Find the equation of the plane containing the lines--

r = i + j + u(i + 2j - k) and r = i + j + k(-i + j - 2k)

Find the distance of this plane from the origin and also from the point (1,1,1)

Here your line equation are not clear, so i am assuming it to be like this:
r = i + j + k + u(i + 2j - k) and r = i + j + k + t(-i + j - 2k)
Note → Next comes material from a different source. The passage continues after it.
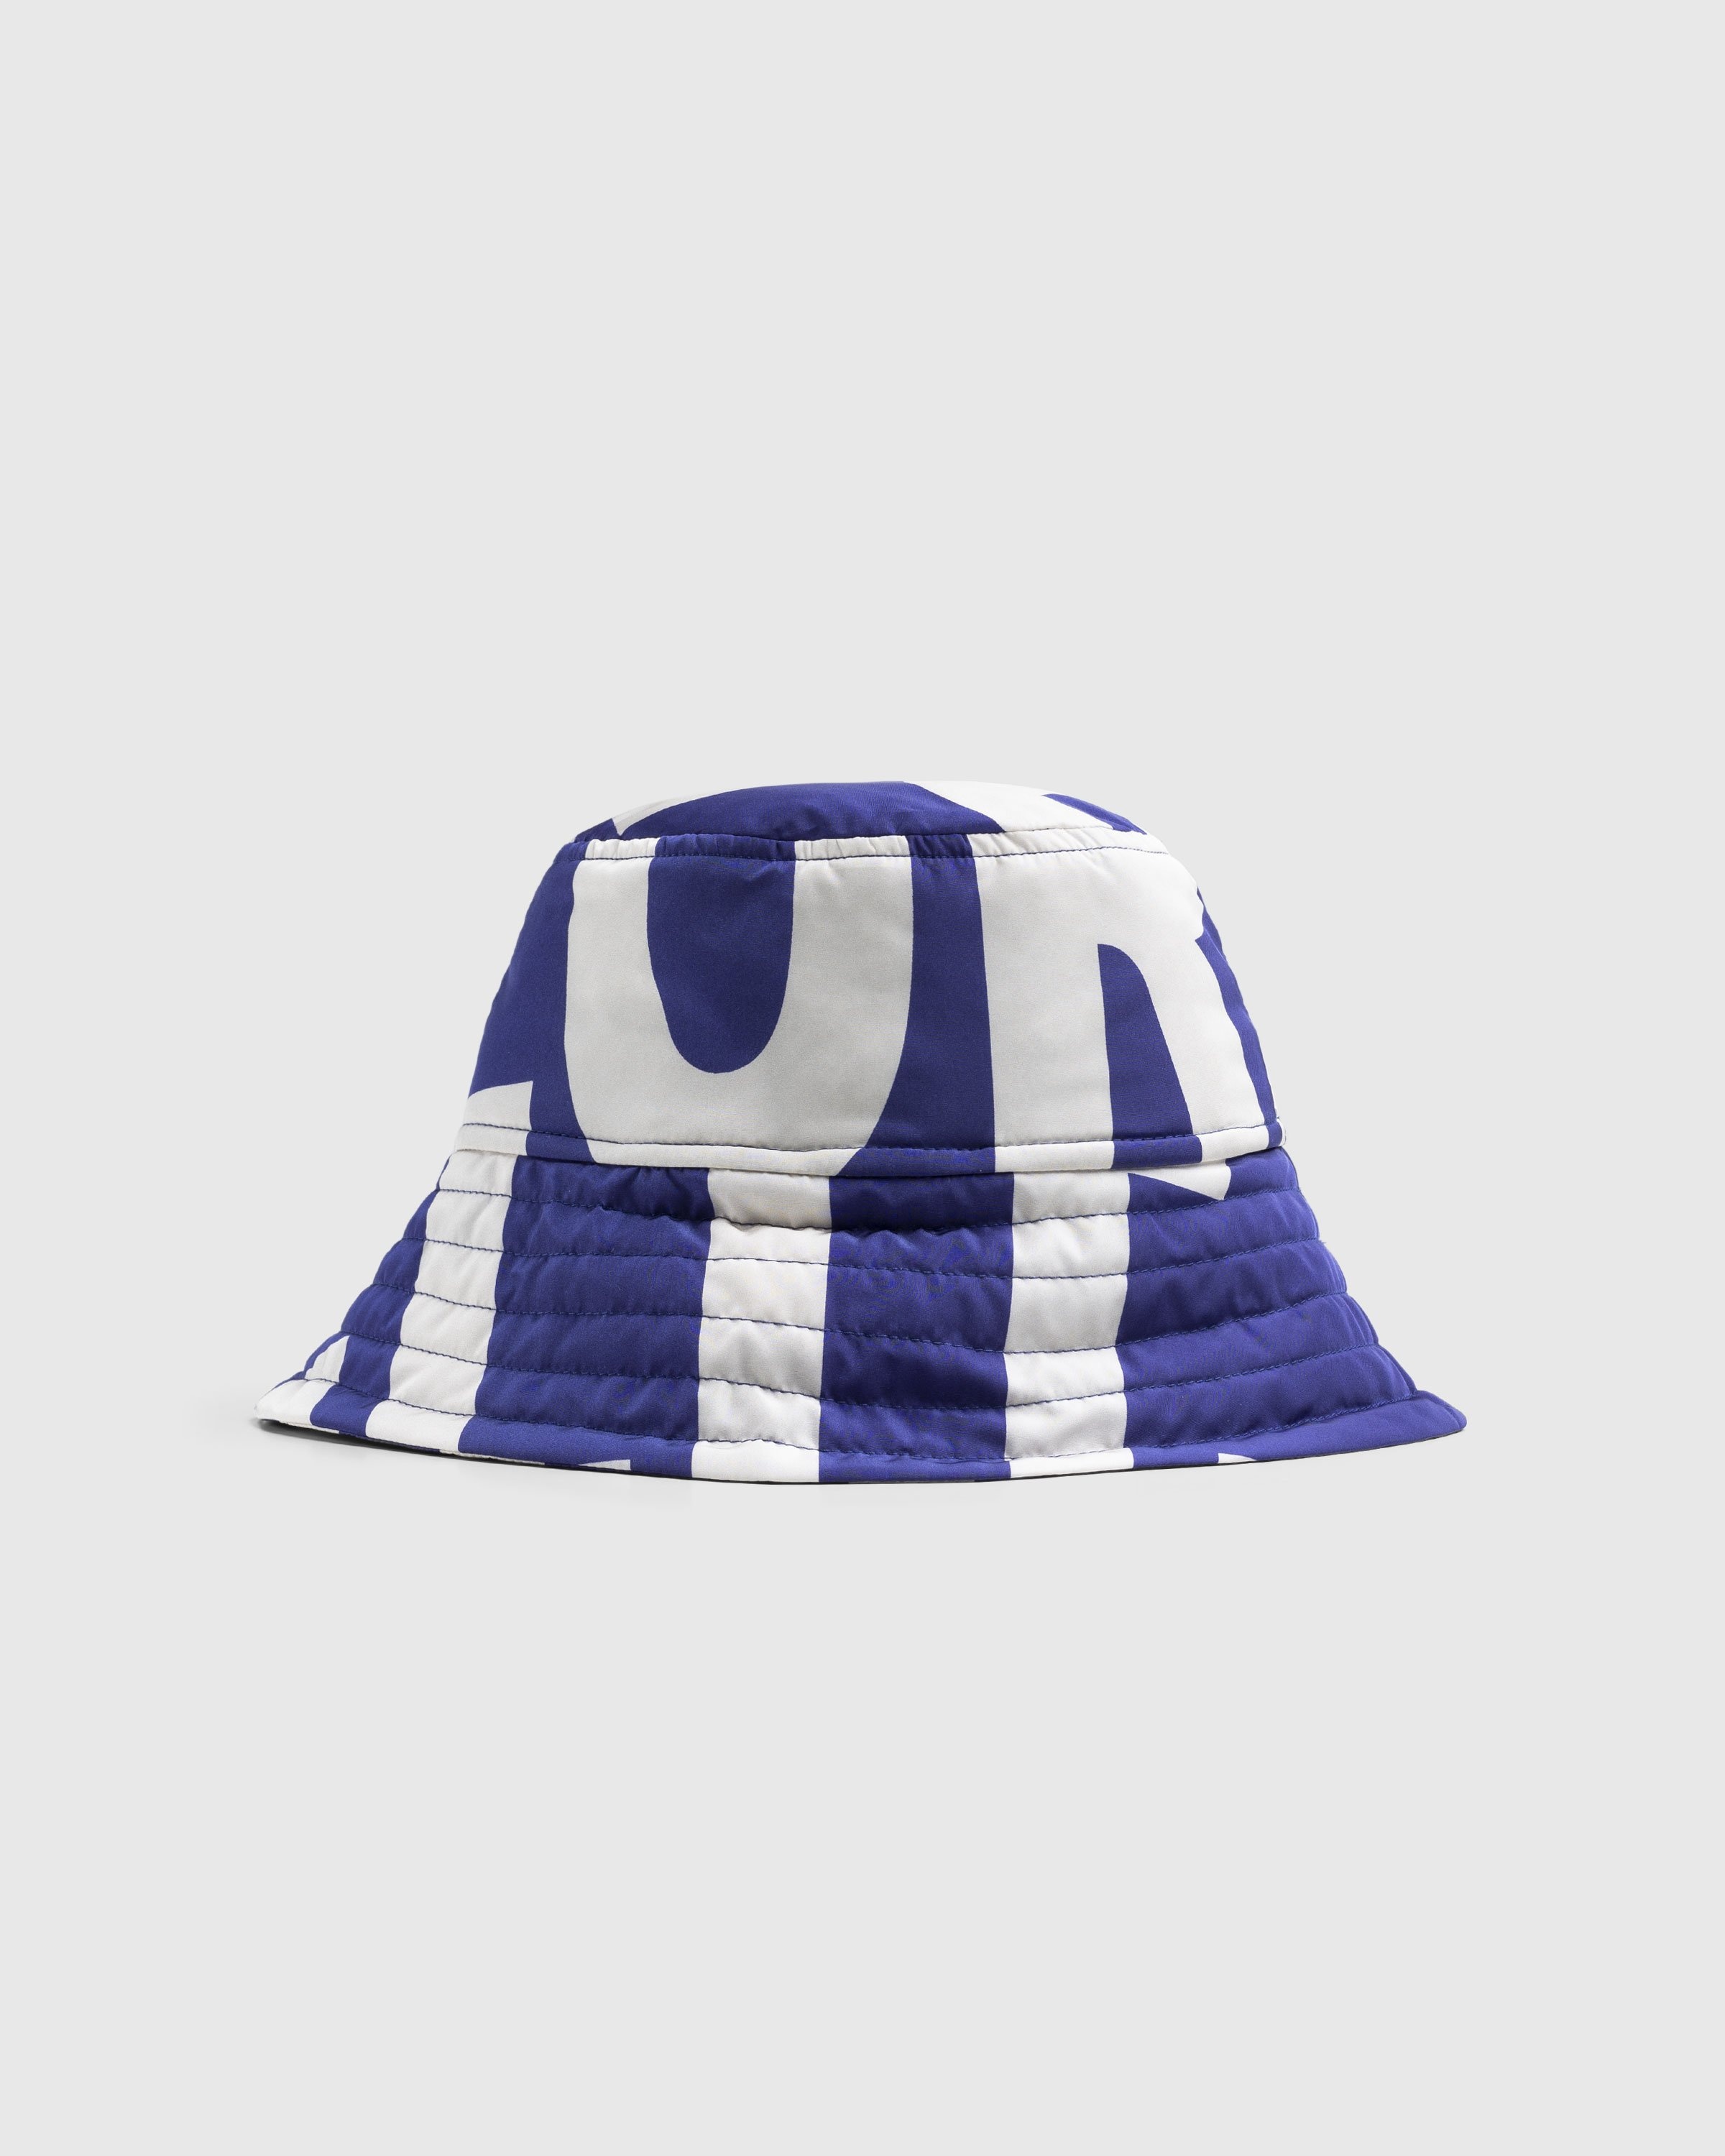 Dries van Noten – Gilly Hat Blue - Bucket Hats - Blue - Image 1

We need to find the equation of the plane containing the the given to lines.
So the normal vector to the required plane can be found by the cross product of the vector equation of the two lines as:

i(-4 +1) -j(-2-1) + k (1 +2)
= -3i + 3j + 3k
So this is a normal vector passing through (1,1,1)
Hence the plane is (r-a).n
= {r - (i + j + k).}.-3i + 3j + 3k = 0
Let r = xi + yj + zk
So -3x + 3y  + 3z -3 = 0 is the required equation of the plane.
And distance  d of a point from the plane is given by d = $\frac{\left|A{x}_1+B{y}_1 +C{z}_1+D\right|}{\sqrt{A^2+B^2+C^2}}$
Here A = -3, B = 3, C = 3, D = -3
Distance from origin = $\frac{\left|-3\left(0\right) +3\left(0\right) +3\left(0\right) -3\right|}{\sqrt{3^2+3^2+3^2}}=\frac{3}{3\sqrt{3}}=\frac{1}{\sqrt{3}}$
And distance from (1,1,1) = 0 as the plane is passing through (1,1,1)